The University of Michigan has acquired the Leo Sarkisian music library on loan from the Voice of America and is in the process of digitizing nearly 1,000 Music Time in Africa radio programs and scripts for eventual re-broadcast through the Web.

UMSI receives NEH Grant

Sarkisian Library Tapes 10

In spring 2016, the University of Michigan School of Information received a grant to fund ethical access to the radio show Music Time in Africa, which is the oldest continuously operating broadcast to the African continent. The $260,000 National Endowment for the Humanities grant will help make an archive of African music and radio programming available to US and global audiences. The grant period began on June 1, 2016 and ends May 31, 2018. Co-principal investigators include Kelly M. Askew, U-M professor of anthropology and Afroamerican and African studies, and University of Michigan Associate Professor Paul Conway. Shannon Zachary, head of preservation and conservation at MLibraries, and Robert McIntyre, digital asset management consultant at the MLibraries, will also work on the project along with teams of UMSI students.

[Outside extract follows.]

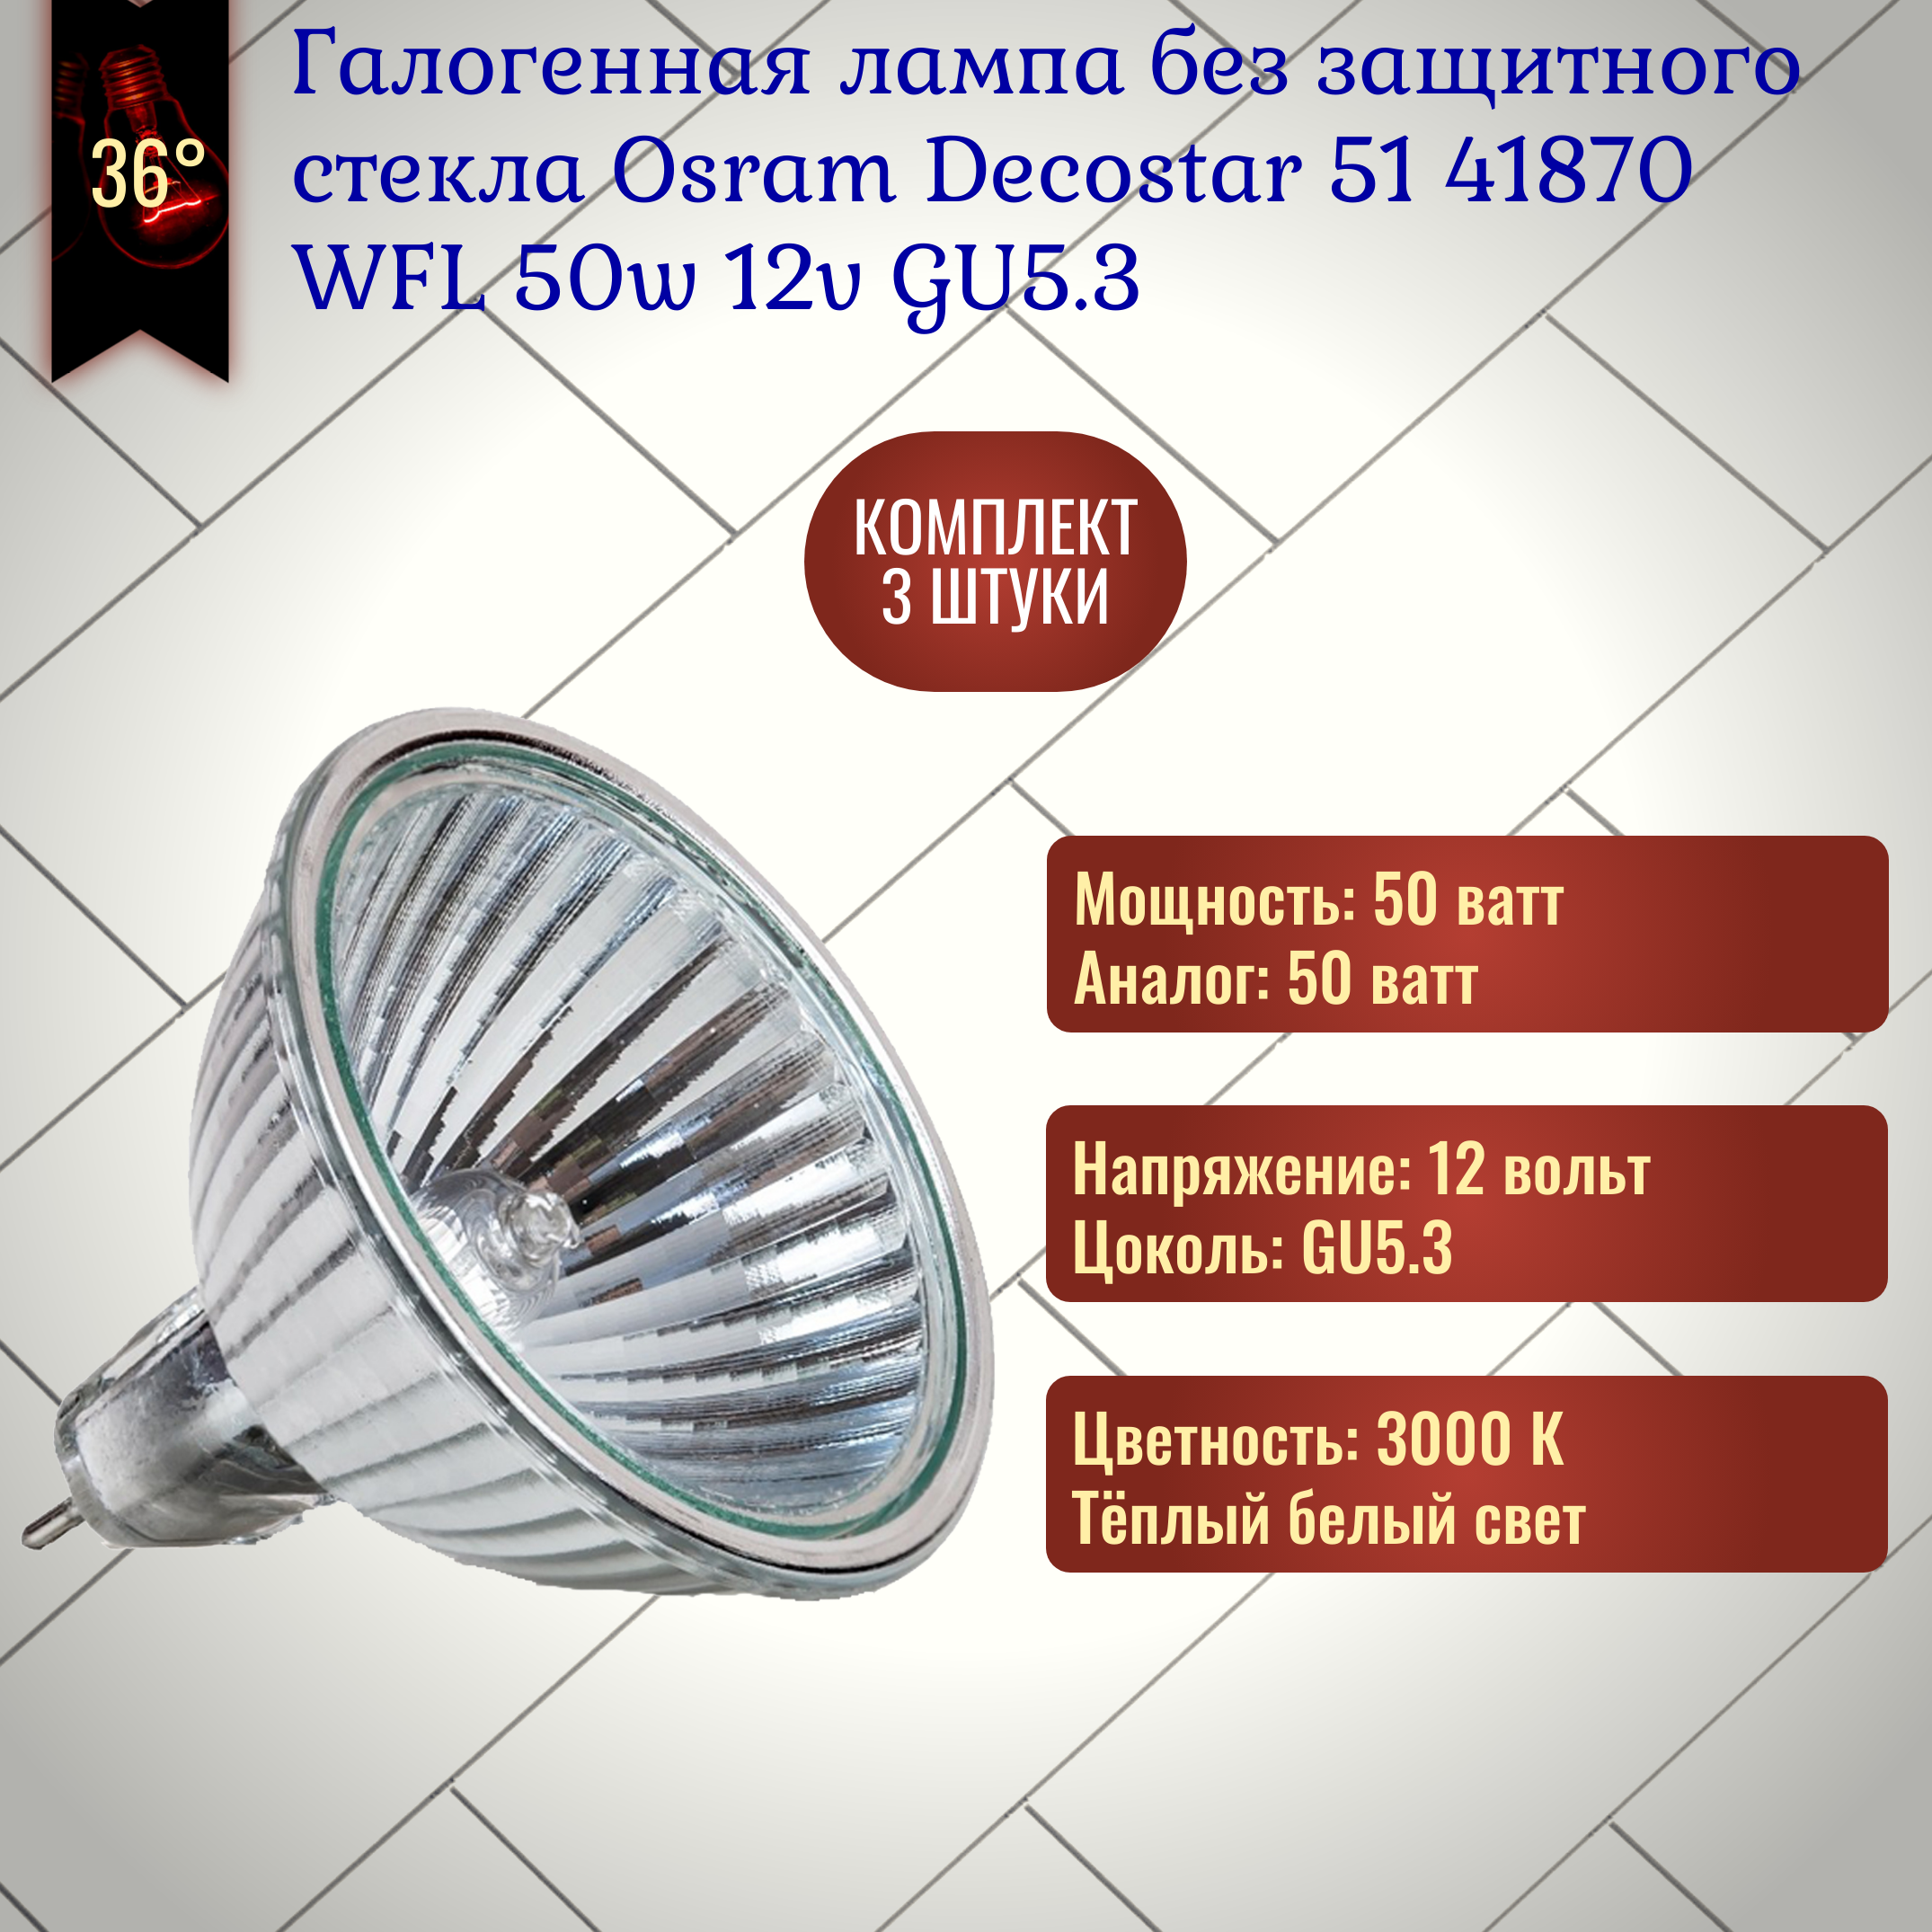 Лампочка без защитного стекла Osram Decostar 51 ALU 41870 WFL 50w 12v GU5.3 галогенная теплый белый свет / 3 штуки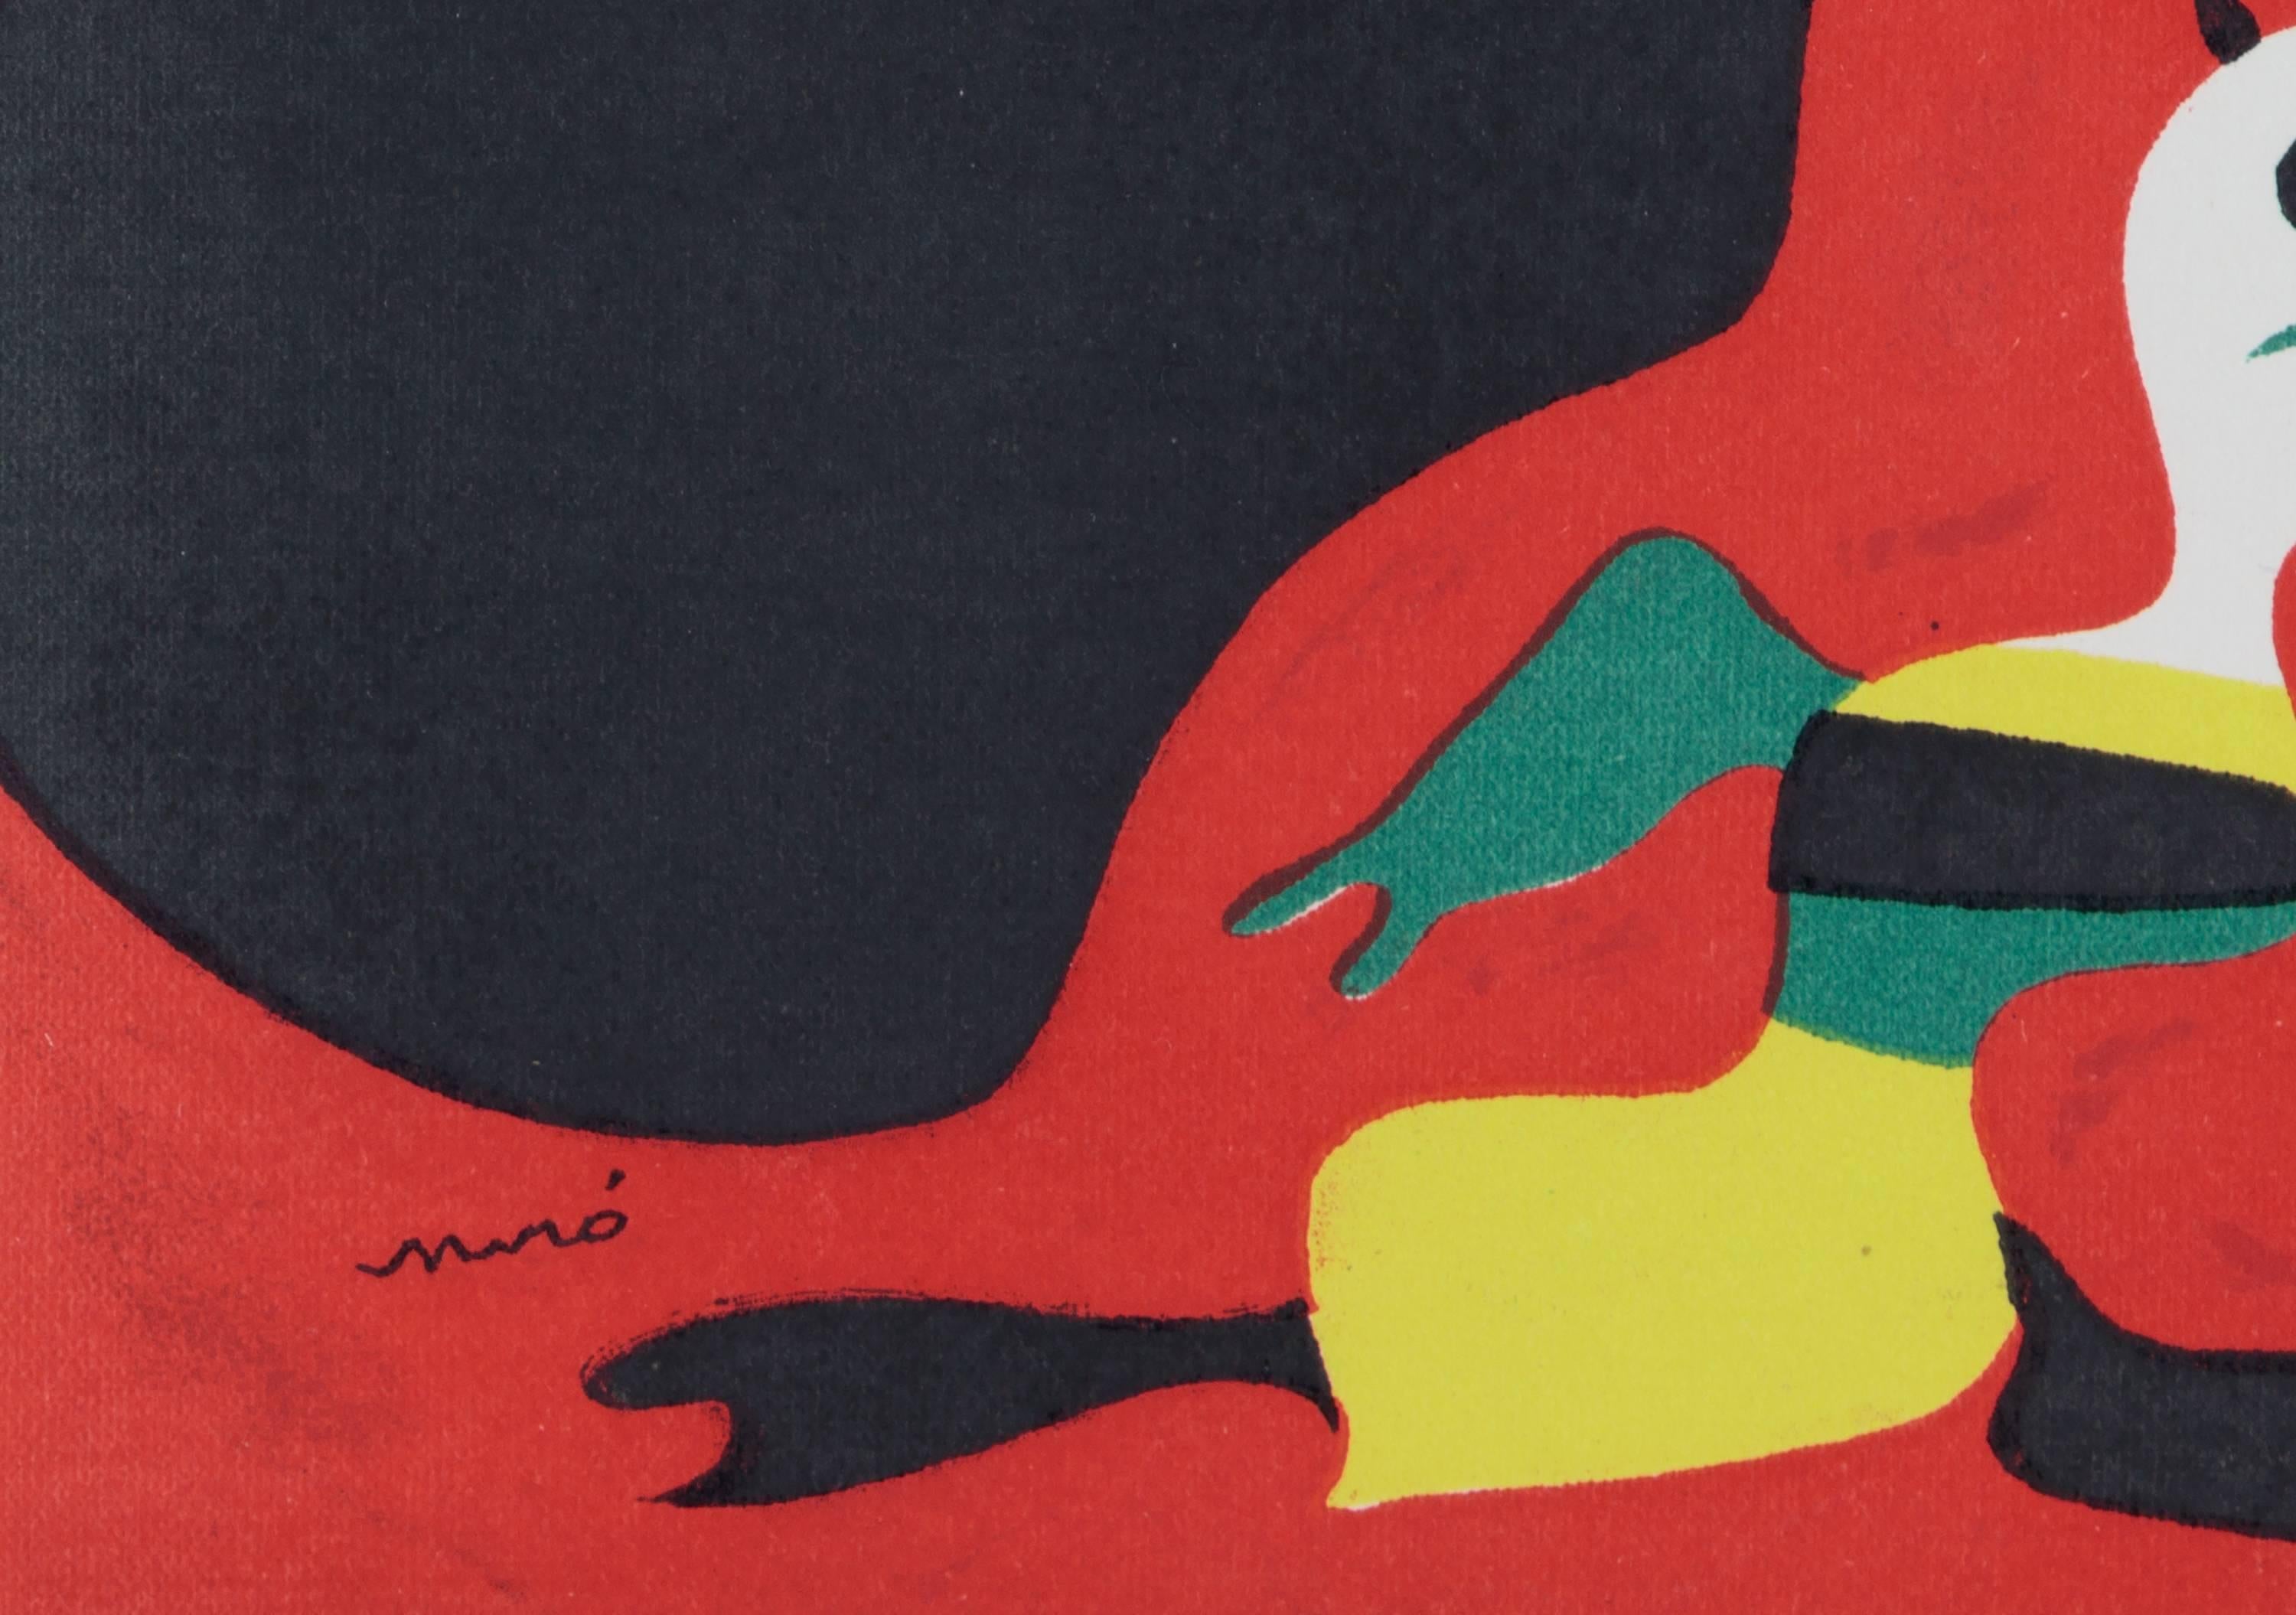 L'Ete' - Print by Joan Miró

The MediaPreserve™ to digitize Music Time in Africa

The University of Michigan has chosen the Pittsburgh-based audiovisual laboratory MediaPreserve™ to digitize audio files for the Voice of America’s Music Time in Africa radio program as part of an initiative funded by the National Endowment for the Humanities. MediaPreserve™ was founded in 2006 as a specialized laboratory focused on the digital reformatting of the full range of heritage audiovisual resources.  MediaPreserve’s parent organization, Preservation Technologies, has become a trusted source of mass digitization for the University of Michigan.